2.乳製品との同時摂取による吸収性向上について
 β−クリプトキサンチン(乳化タイプ)は、温州みかん残さより抽出された温州みかん抽出物を乳化剤によって乳化した新商品です。このβ−クリプトキサンチン(乳化タイプ)の生体への吸収性は、等量のβ−クリプトキサンチンを含む温州みかんジュースよりも5倍以上優れていることがわかっていますが、他の食材との同時摂取によってどのような効果があるかは未知数でした。そこで、牛乳およびヨーグルト飲料とβ−クリプトキサンチン(乳化タイプ)の同時摂取による飲用試験を行いました。健康成人12名を対象として、β−クリプトキサンチン2.4mgと乳製品(牛乳、ヨーグルト)を同時に摂取し、摂取前と摂取7時間後の血清β−クリプトキサンチン量を分析しました。その結果、β−クリプトキサンチンと乳製品を同時に摂取することで、血液中へのβ−クリプトキサンチンの吸収量が、水と比べて牛乳では約1.9倍、ヨーグルト飲料では約1.6倍増加することがわかりました。

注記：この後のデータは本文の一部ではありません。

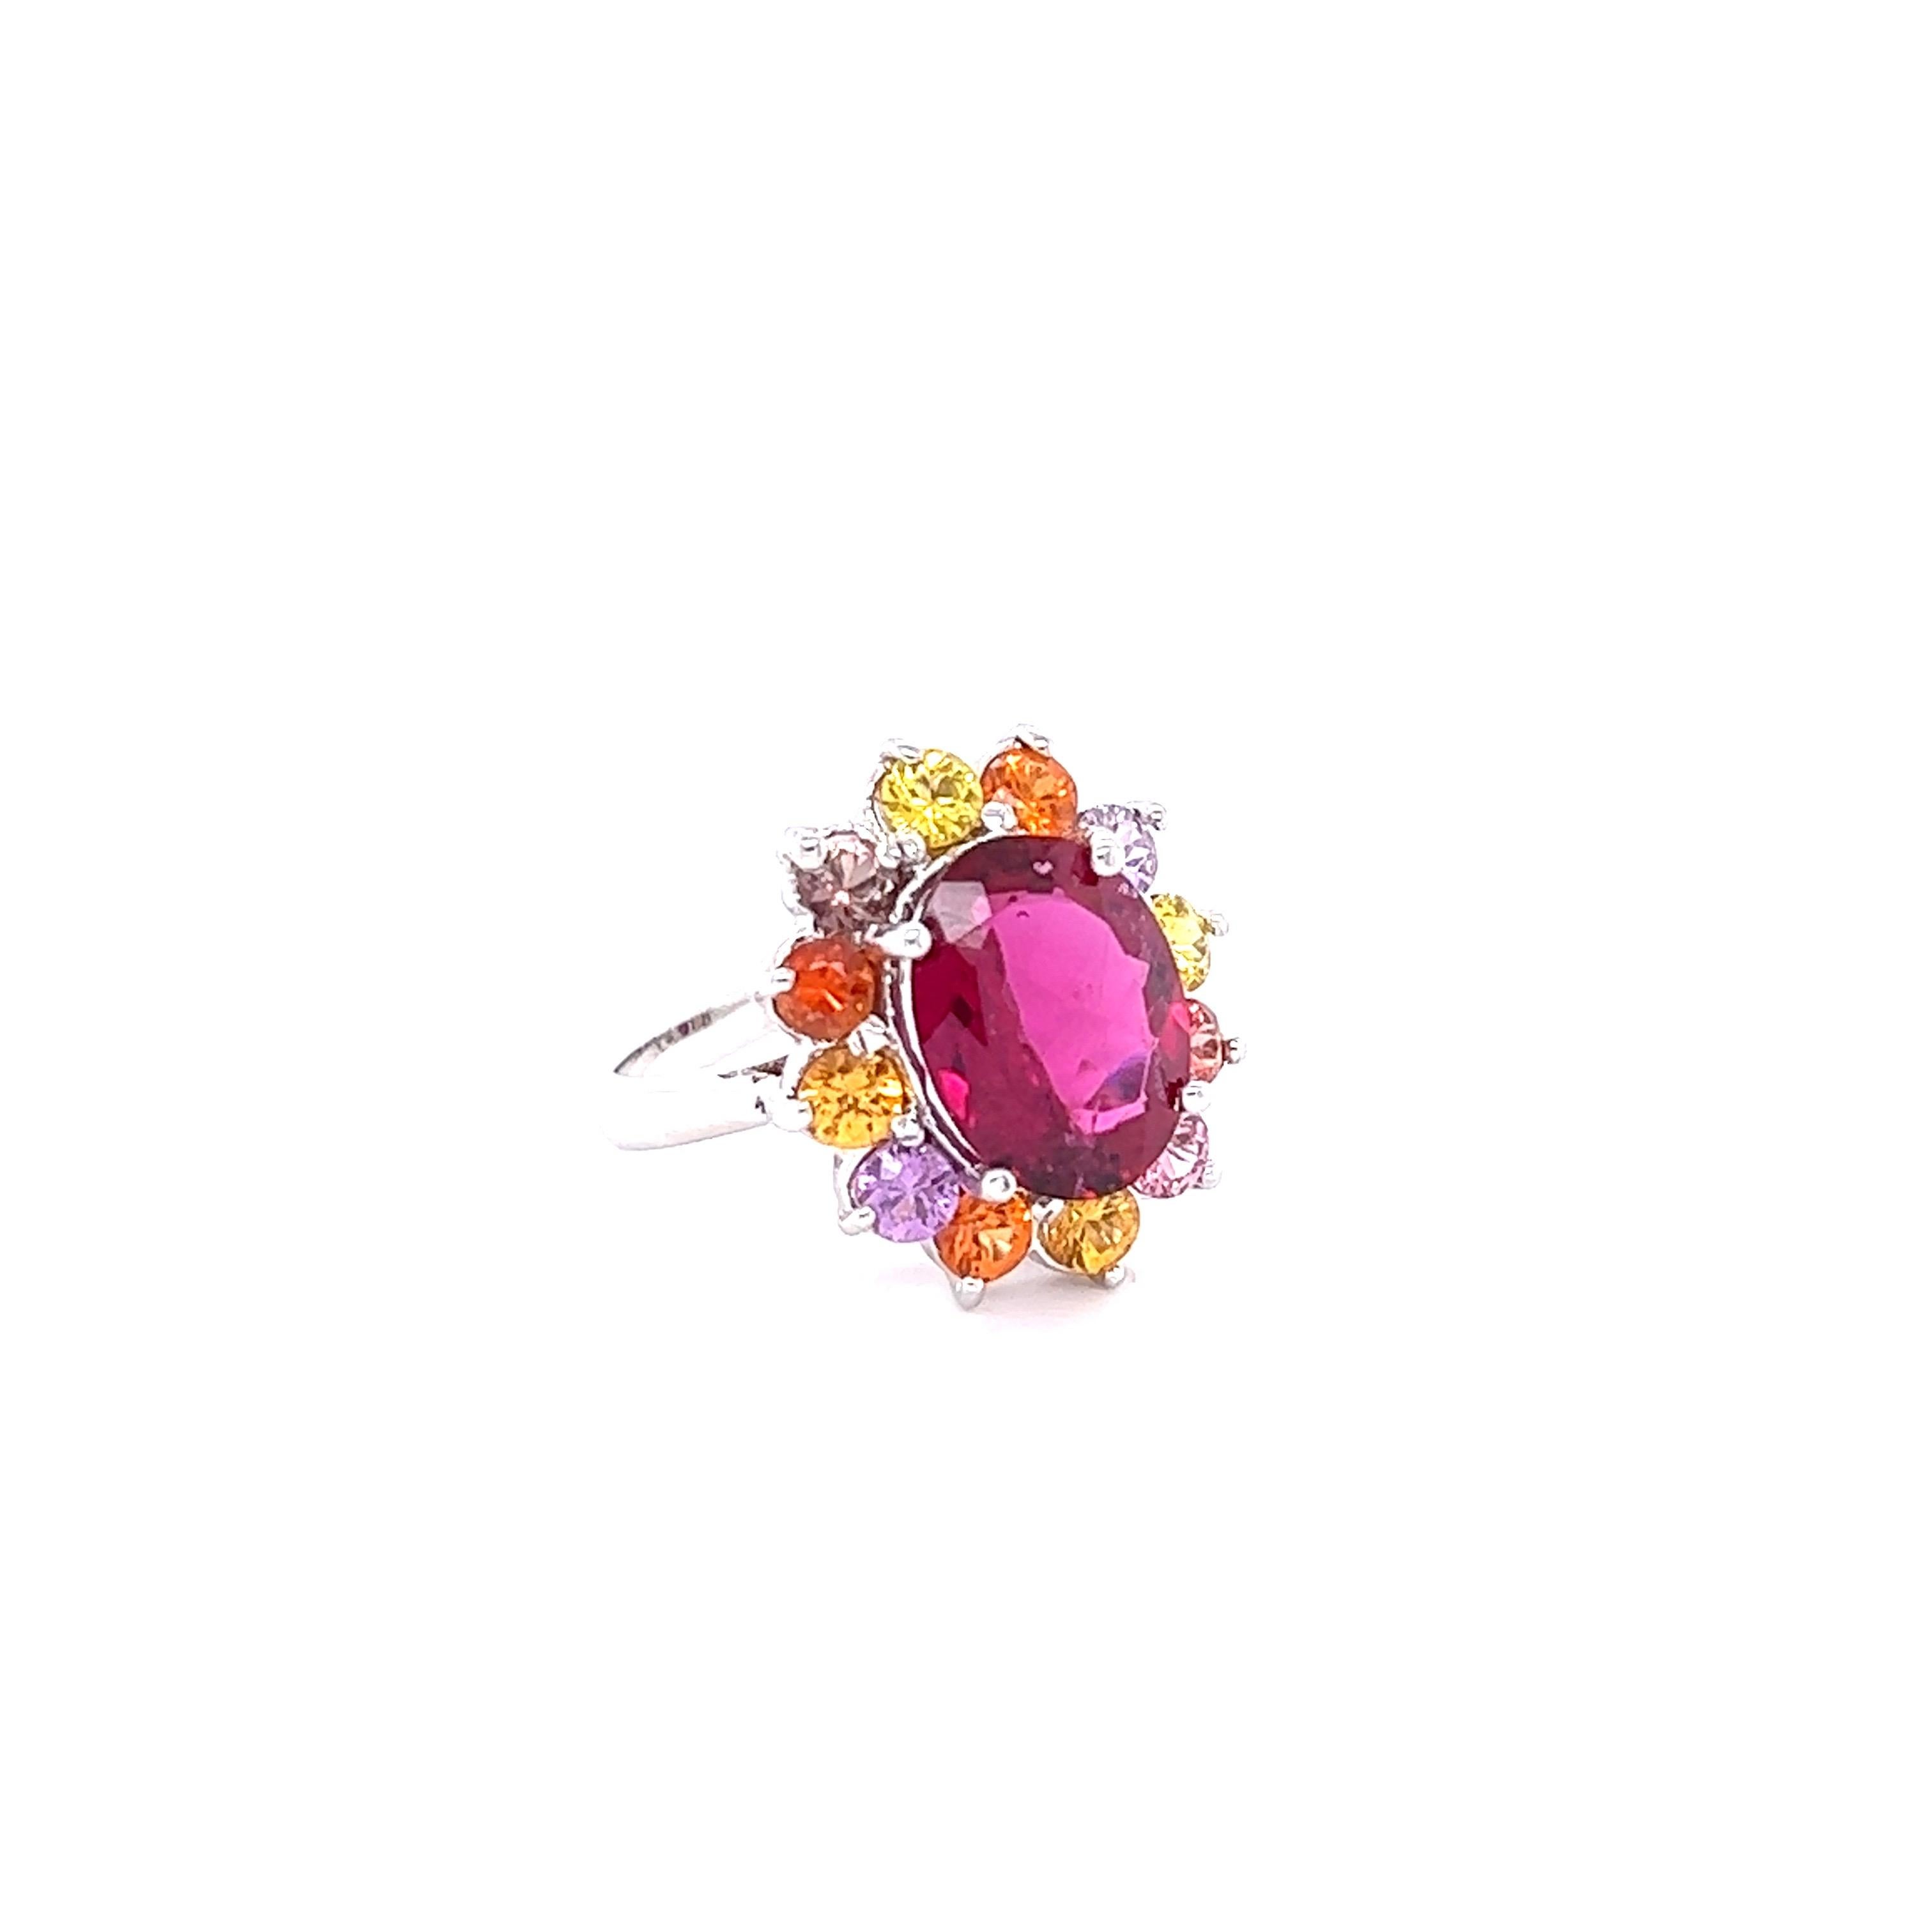 Dieser Ring hat einen 4,23 Karat Ovalschliff Hot Pink Turmalin (Rubellit) und ist elegant umgeben von 12 Rundschliff Multi-Colored Sapphires, die 2,30 Karat wiegen. Das Gesamtkaratgewicht dieses Rings beträgt 6,53 Karat.

Der Turmalin misst etwa 12

 また、小腸のモデル細胞であるCaco−2細胞を用いて試験を行った結果、牛乳由来の乳脂肪分にβ−クリプトキサンチンの吸収を増加させる効果が認められました。この増加効果は細胞に対して一定量以上の乳脂肪分を添加した場合に観察されました。通常カロテノイド類が吸収される際に作用していると考えられるSR−BI(※3)タンパク質の阻害剤を使用し、吸収を抑制した条件において、β−クリプトキサンチンと乳脂肪分を併用すると吸収量が低下しなかったことなどから、乳脂肪分は小腸においてβ−クリプトキサンチンの単純拡散による吸収促進作用があるのではないかと予測されます。なお、本成果に関しましては5月18日から20日まで東北大学宮城県)で開催される第66回日本栄養・食糧学会大会にて報告する予定であり、同大会におきましてトピックス賞に選定されております。



 *以下、リリース詳細は添付の関連資料を参照


※1:β−クリプトキサンチン(乳化タイプ)
 新商品のβ−クリプトキサンチン乳化タイプは、温州みかん搾汁残さから抽出した温州みかん抽出物を乳化剤を用いて水に溶解しやすいように調製した製品で、100g中にβ−クリプトキサンチン(フリー体換算)を40mg以上含有します。混合するだけで簡単に水に溶解できますので、あらゆる飲料・ドリンクに配合でき、さらに生体吸収性にも優れています。

※2:カロテノイド
 天然に存在する色素の一群の総称。炭素数40からなる直鎖型の化合物で、非常に抗酸化作用が強い物質です。カロテノイドの一種であるβ−カロテン、β−クリプトキサンチンなどは摂取するとビタミンAへと変換されます。

※3:SR−BI(スカベンジャー受容体クラスBタイプI)
 約500個のアミノ酸がつながった膜貫通型のタンパク質。血液中のコレステロールの一部は、高密度リポタンパク質(HDL)として結合して血液中に存在しています(善玉コレステロール)。SR−BIは、コレステロールを高密度リポタンパク質(HDL)から細胞内に取り込む働きをするタンパク質として知られています。通常、カロテノイドもこの経路で取り込まれることが分かっています。